He Looked: Exactly as handsome as he did in his photos and our FaceTimes. He’s a very sharp dresser - very stylish and hip or dapper, depending on the situation. Loved him in his denim and sweaters - jackets, coats, etc. He looked amazing. But I will tell you this - he told me he was 5’10” and he’s not. That was my biggest question - would I actually be taller than him? I think we are exactly the same height at 5’8”, and there’s nothing wrong with that because I wore flats the WHOLE time (I brought 2 pairs of heels and never got them out of the closet). Had I been wearing heels I’d have been quite a bit taller. My gay friends described him as James Bond, and I wouldn’t disagree.
I Looked: Well, I overpacked, so I never wore anything sparkly for NYE and mostly wore workout leggings and running shoes during the day because of all the walking, and tall flat boots, sweaters and my big faux fur coat in the evenings because of the cold.

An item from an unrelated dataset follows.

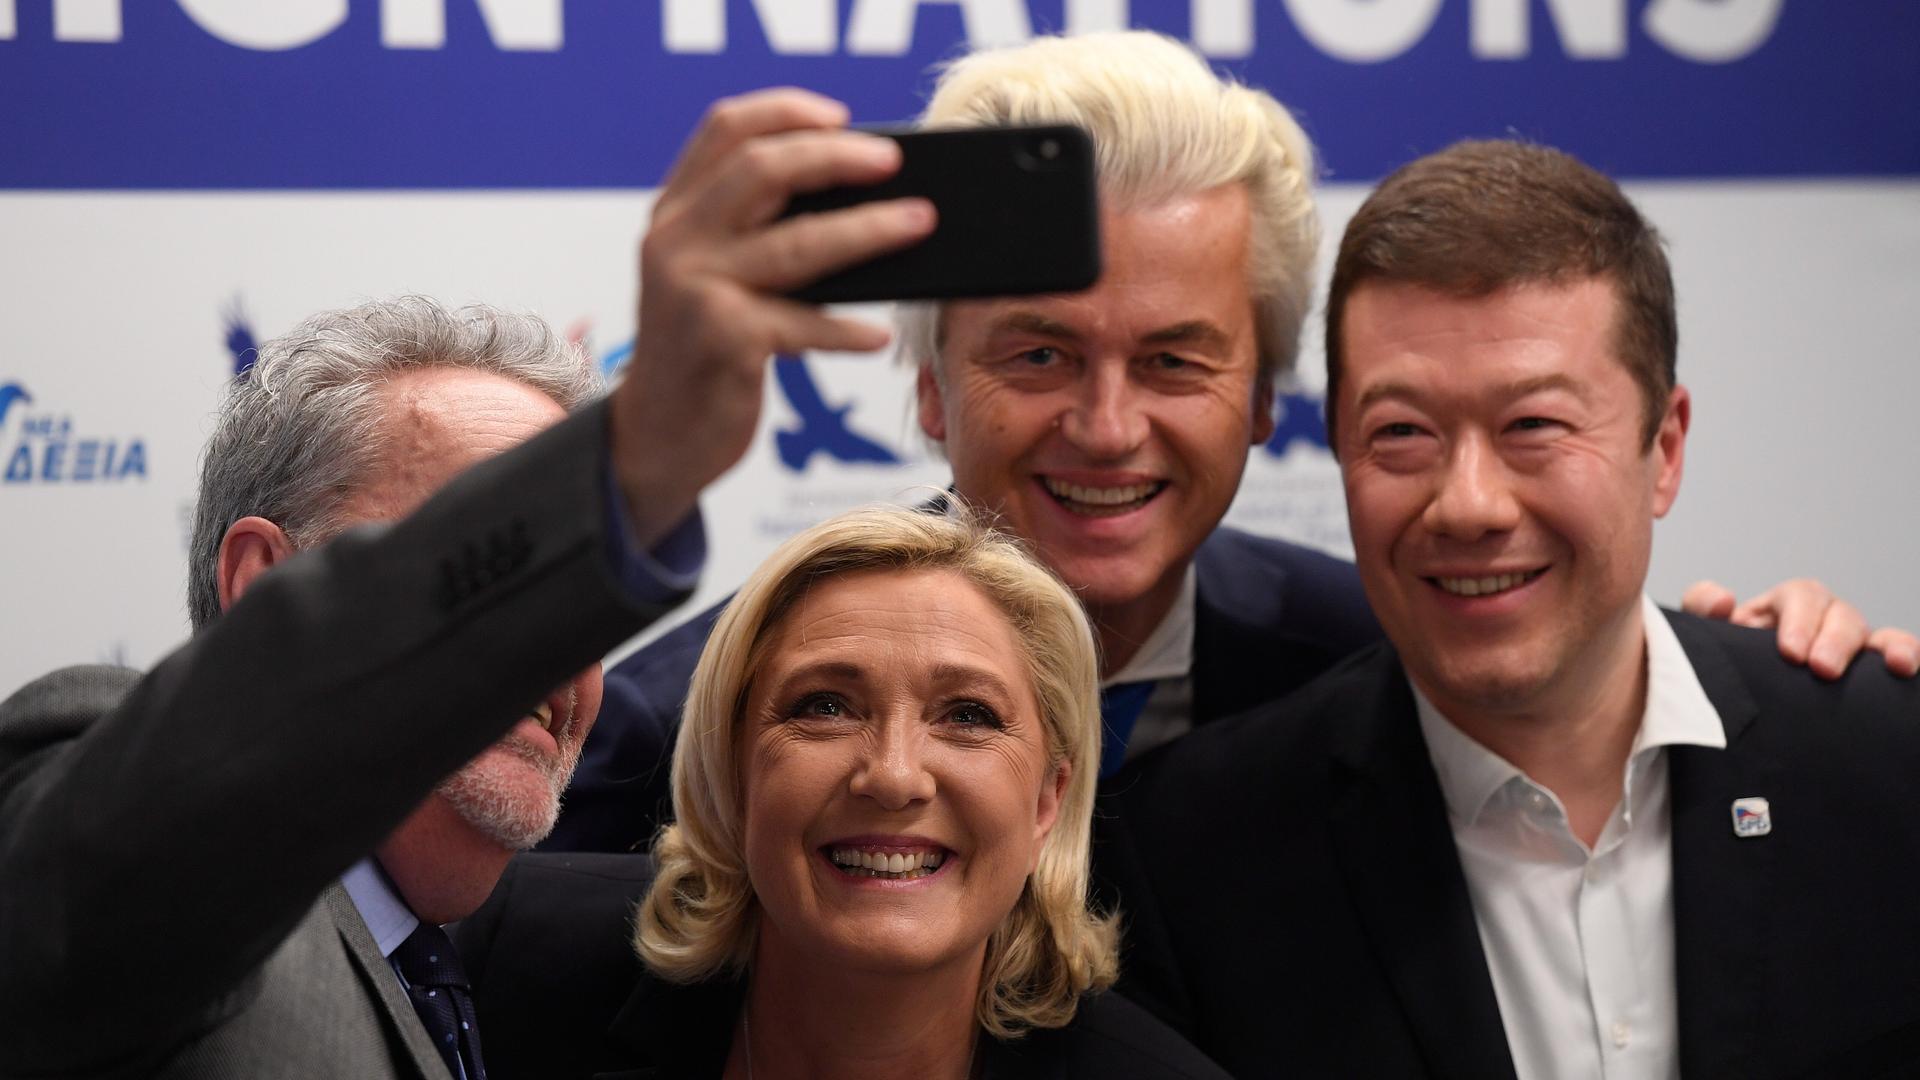 Gerolf Annemans, Vorsitzender der Fraktion Europa der Nationen und der Freiheit (ENF), links, die Vorsitzende des französischen Front National, Marine Le Pen, der tschechische Vorsitzende der rechtsextremen Partei für Freiheit und direkte Demokratie (SPD), Tomio Okamura, rechts, und der Vorsitzende der niederländischen Partei für die Freiheit, Geert Wilders, posieren für ein Selfie während einer Pressekonferenz 2019. 
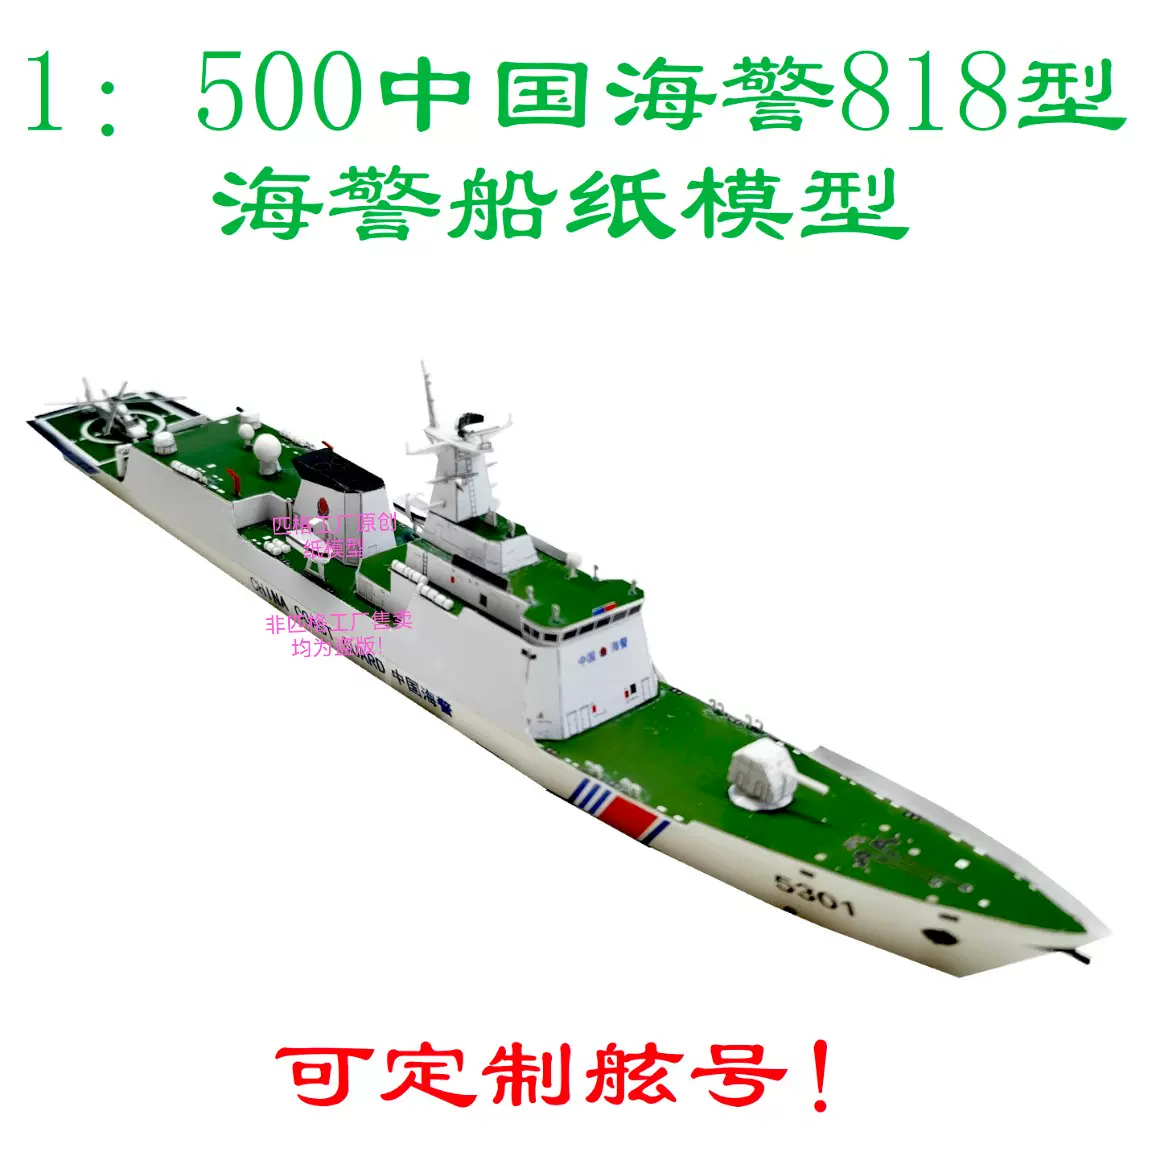 匹格工厂中国海警818型海警船模型3D纸模型DIY海军军舰海警船模型-Taobao

Convo: Everything. It was good stuff. And it was said with a sexy Scottish accent. One thing I will note here, though. It was absolutely JARRING for some reason to hear dirty talk in a Scottish accent!!
High Point: Dudes, ALL of it! It had everything: anticipation, excitement, fear, lust, concern, a little heated spice, etc. etc. etc.
Low Point: I’m still mulling all of this over. I know there will be analysis galore, but there were times when I told myself I could fall in love with this guy and other times when I was like, he is SO not my boyfriend. So the low point has to be that I didn’t walk away with any clarity…but are you supposed to on a first date anyway??
How It Ended: Per above. My quick exit in an Uber!
Chances Are: Well, I would say 100% because he keeps telling me he’s going to visit me in [my city] in February, but I will believe it when I see the screenshot of his flight itinerary.
Date Rating: This one is SUPER hard to rate because it was sooooooo different. I can’t rate this one like I do others. I’d absolutely give it a THUMBS UP!! I’d do it again in a SECOND. This experience is one of a lifetime, and I’ll be forever grateful that he came to New York to meet me.
More to follow, but I’m glad I’m getting this part out today!